DIRECTIONS FOR THIS TASK:
Skipping all images, output the listing word for word.

DATA PROVIDED:
━━━━━━━━━━━━━━━━

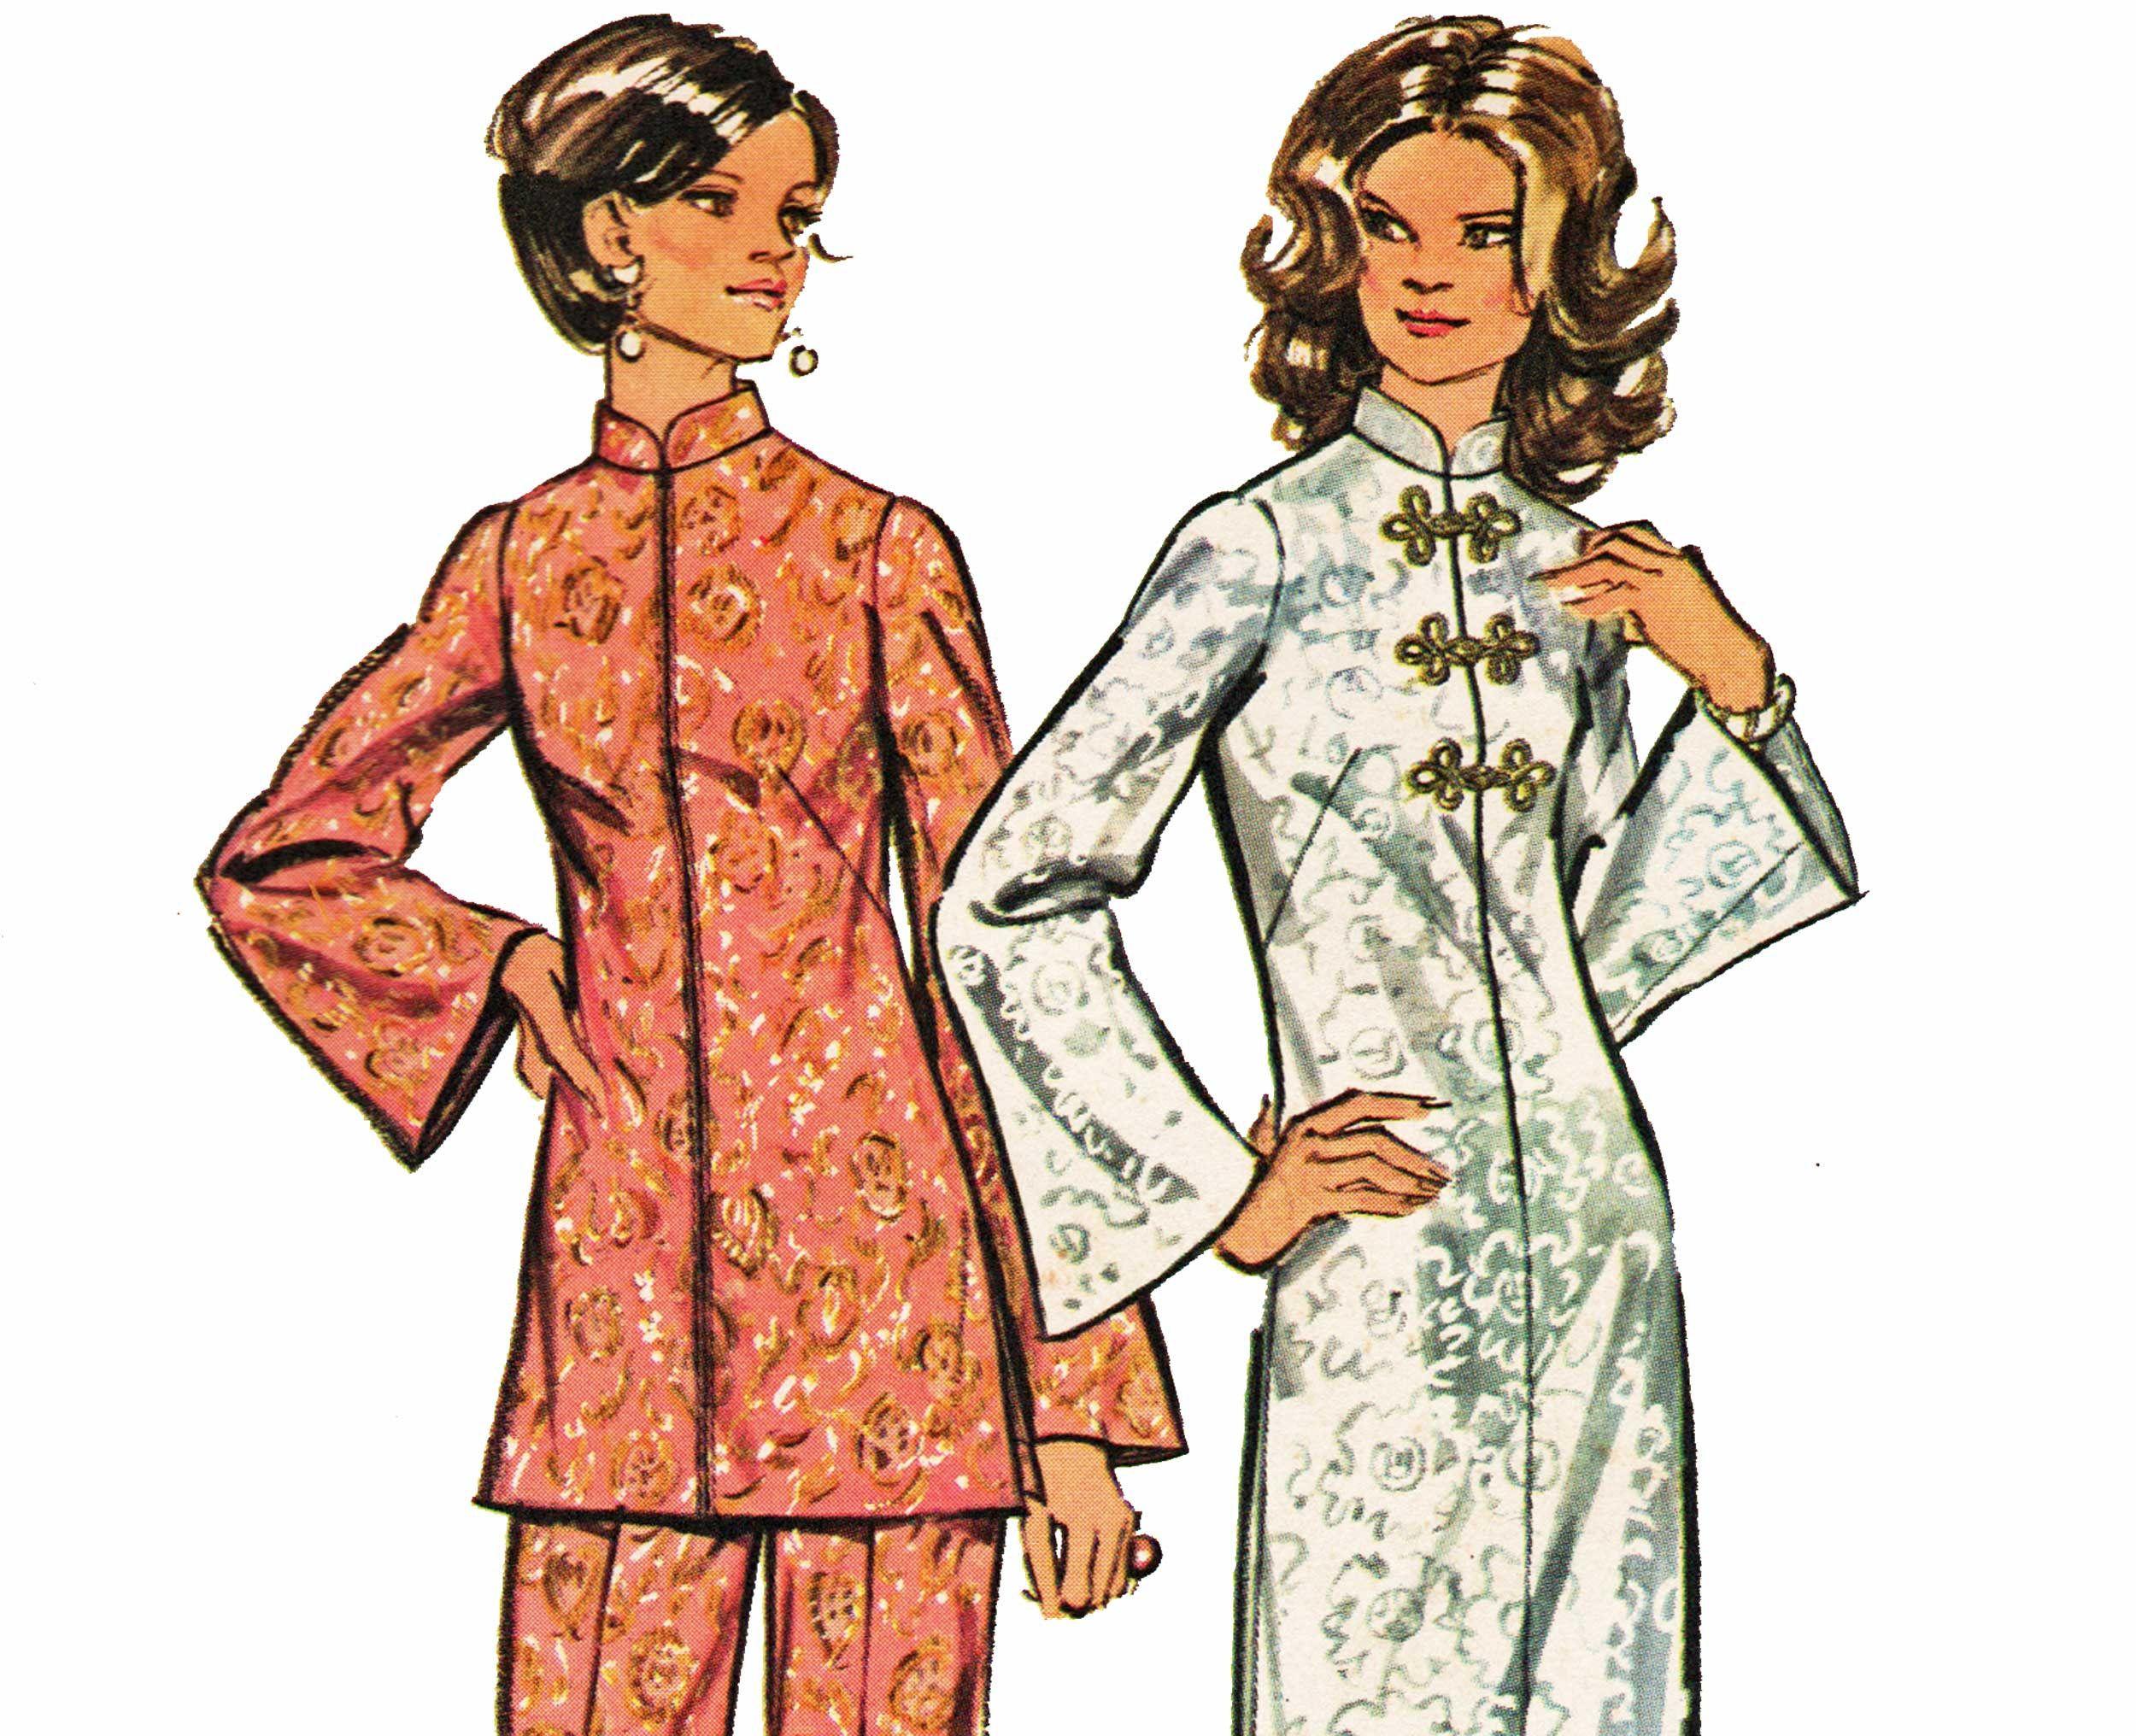 Asian oriental dress pattern cheongsam maxi dress pattern mandarin asian oriental dress pattern cheongsam maxi dress pattern mandarin collar tunic top and pants pantsuit pattern jeuxipadfo Choice Image
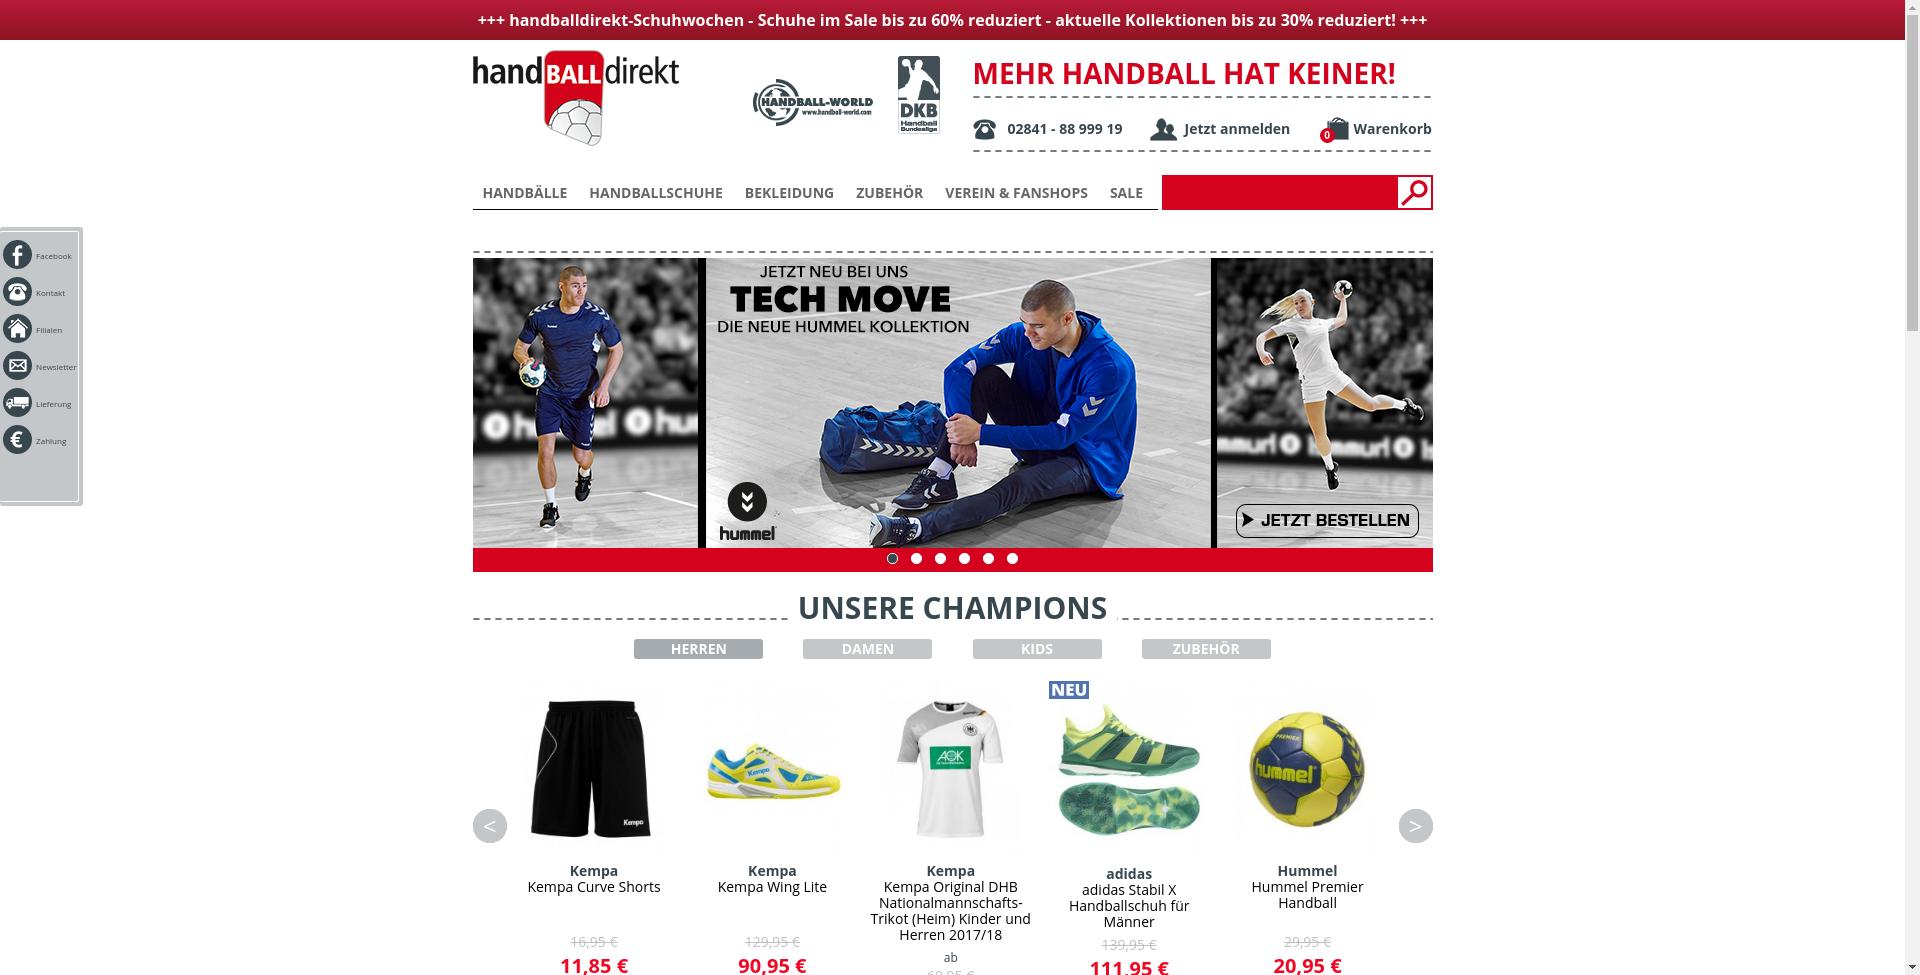 handballdirekt
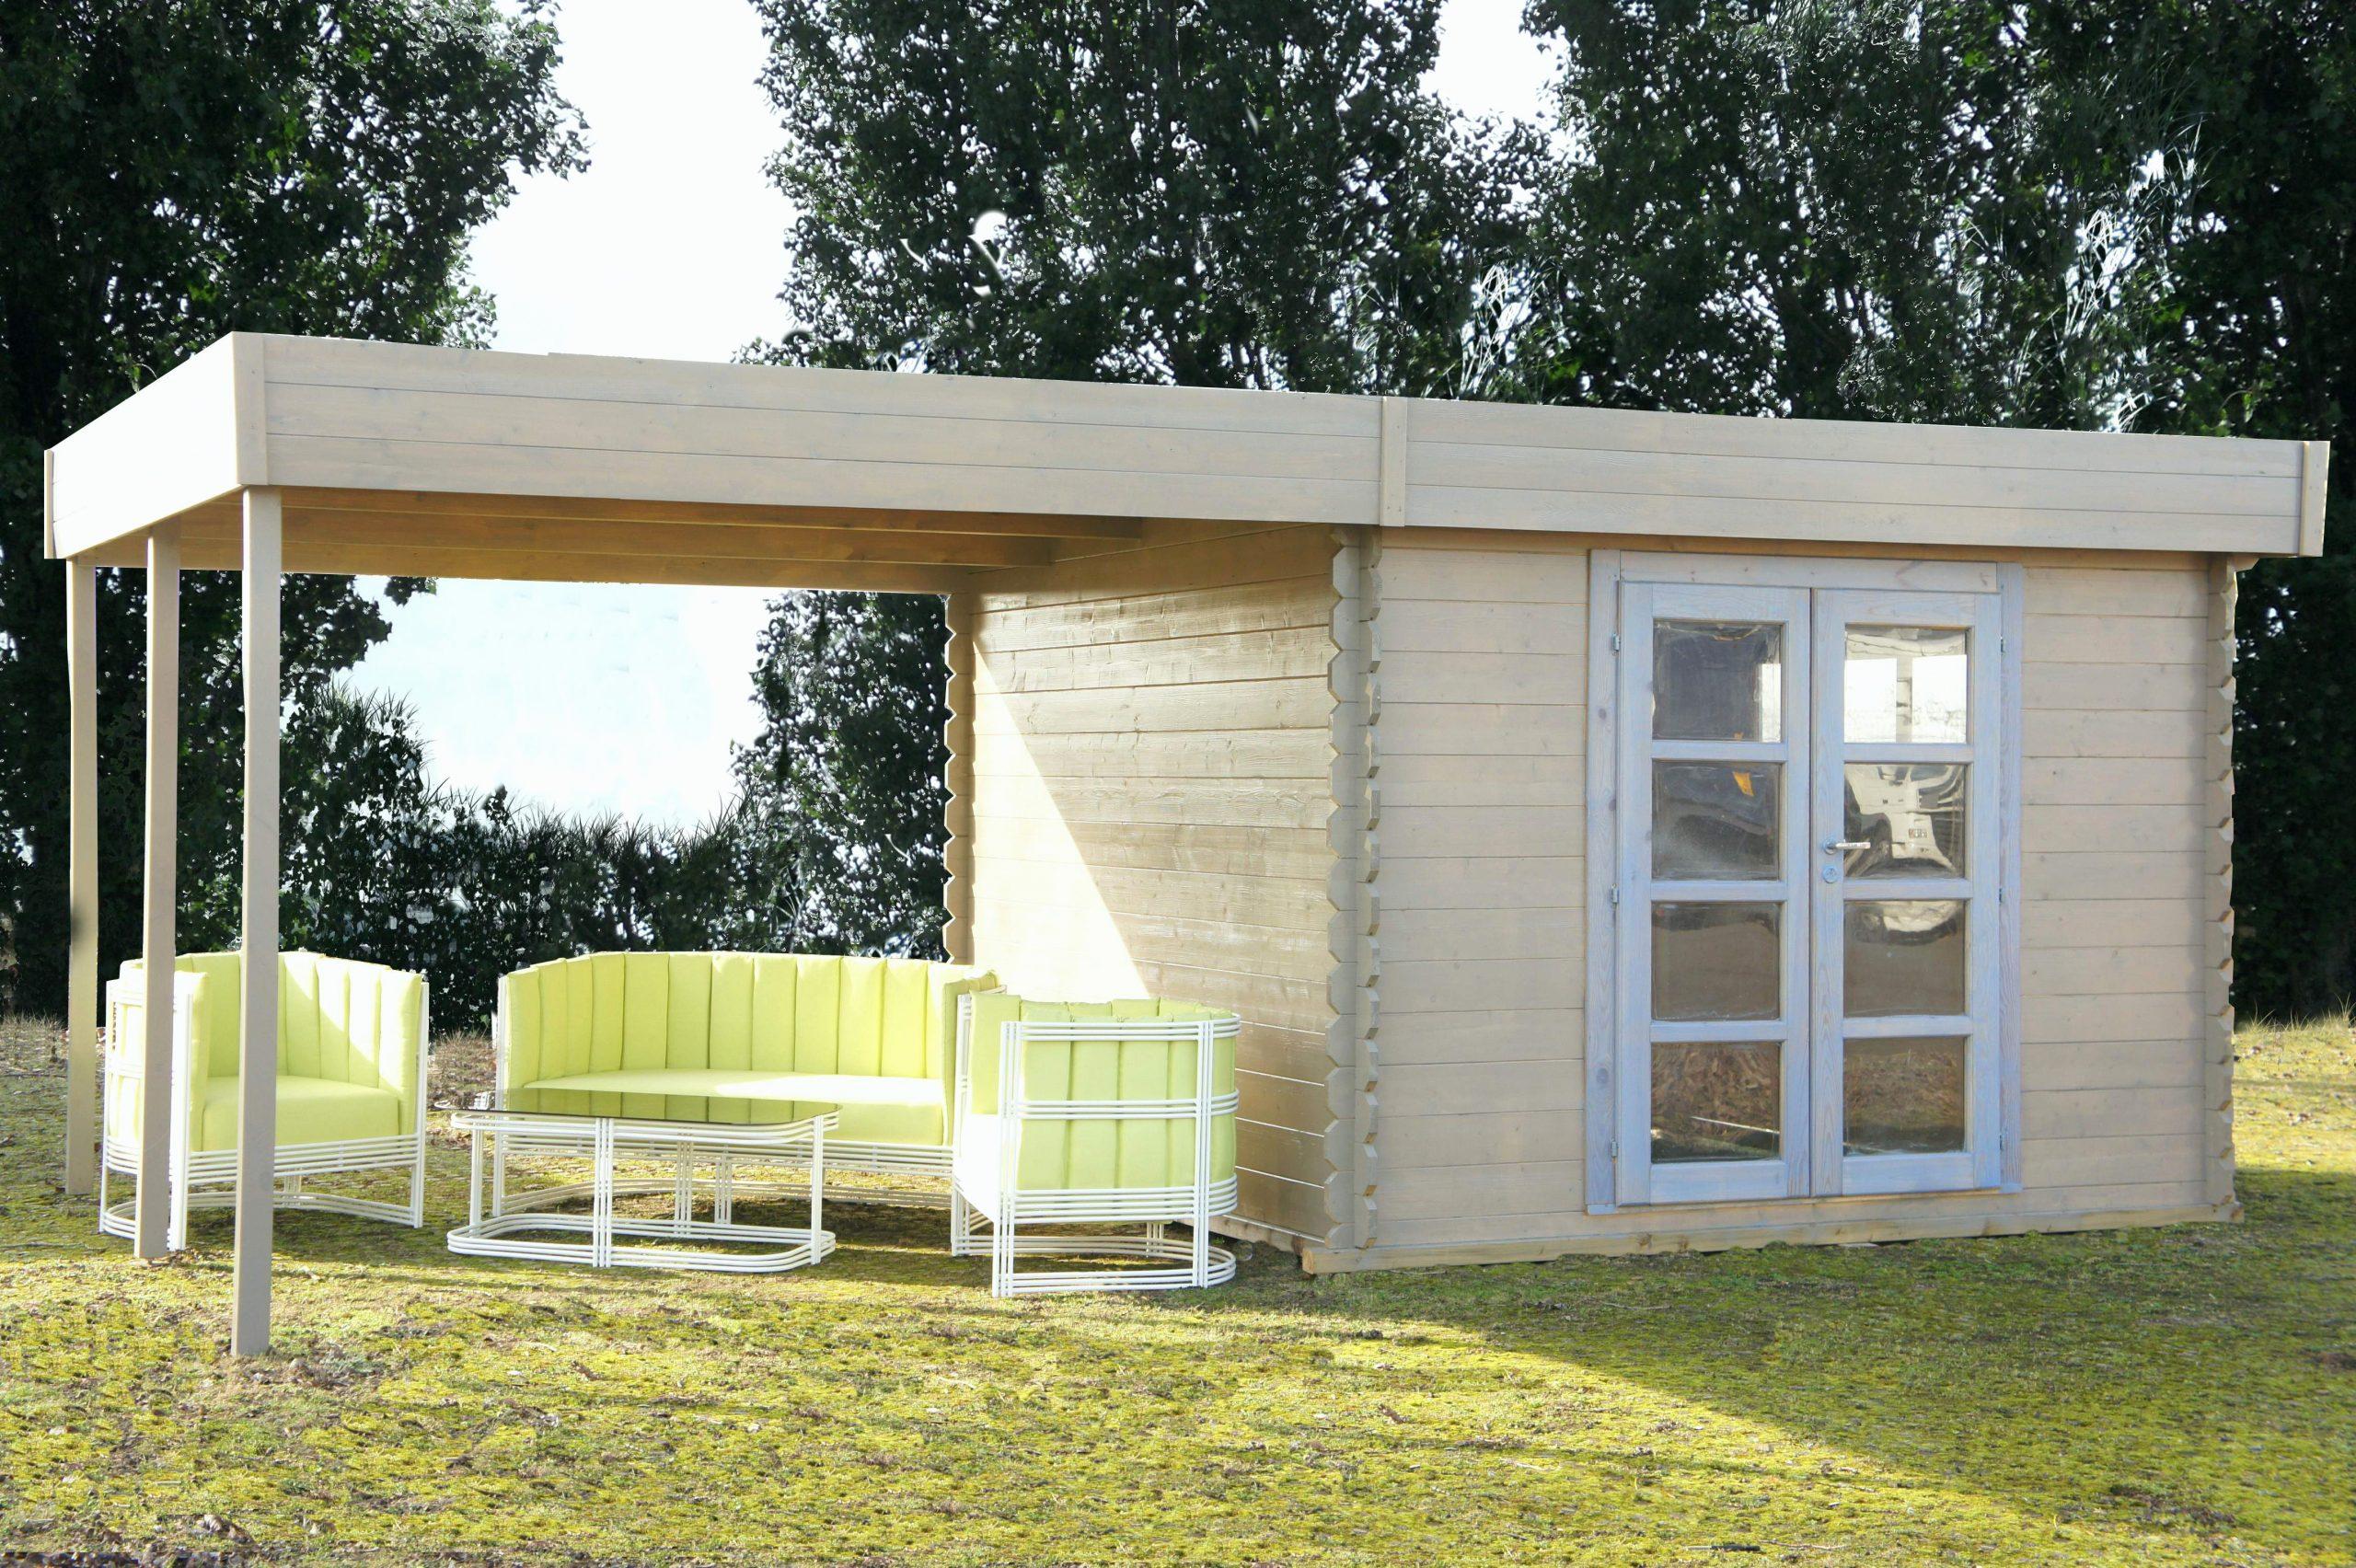 Salon De Jardin Carrefour Bois - The Best Undercut Ponytail concernant Abri De Jardin En Bois Carrefour

━━━━━━━━━━━━━━━━

EXPECTED OUTPUT:
 Asian oriental dress pattern cheongsam maxi dress pattern mandarin asian oriental dress pattern cheongsam maxi dress pattern mandarin collar tunic top and pants pantsuit pattern jeuxipadfo Choice Image
 handballdirekt
 Salon De Jardin Carrefour Bois - The Best Undercut Ponytail concernant Abri De Jardin En Bois Carrefour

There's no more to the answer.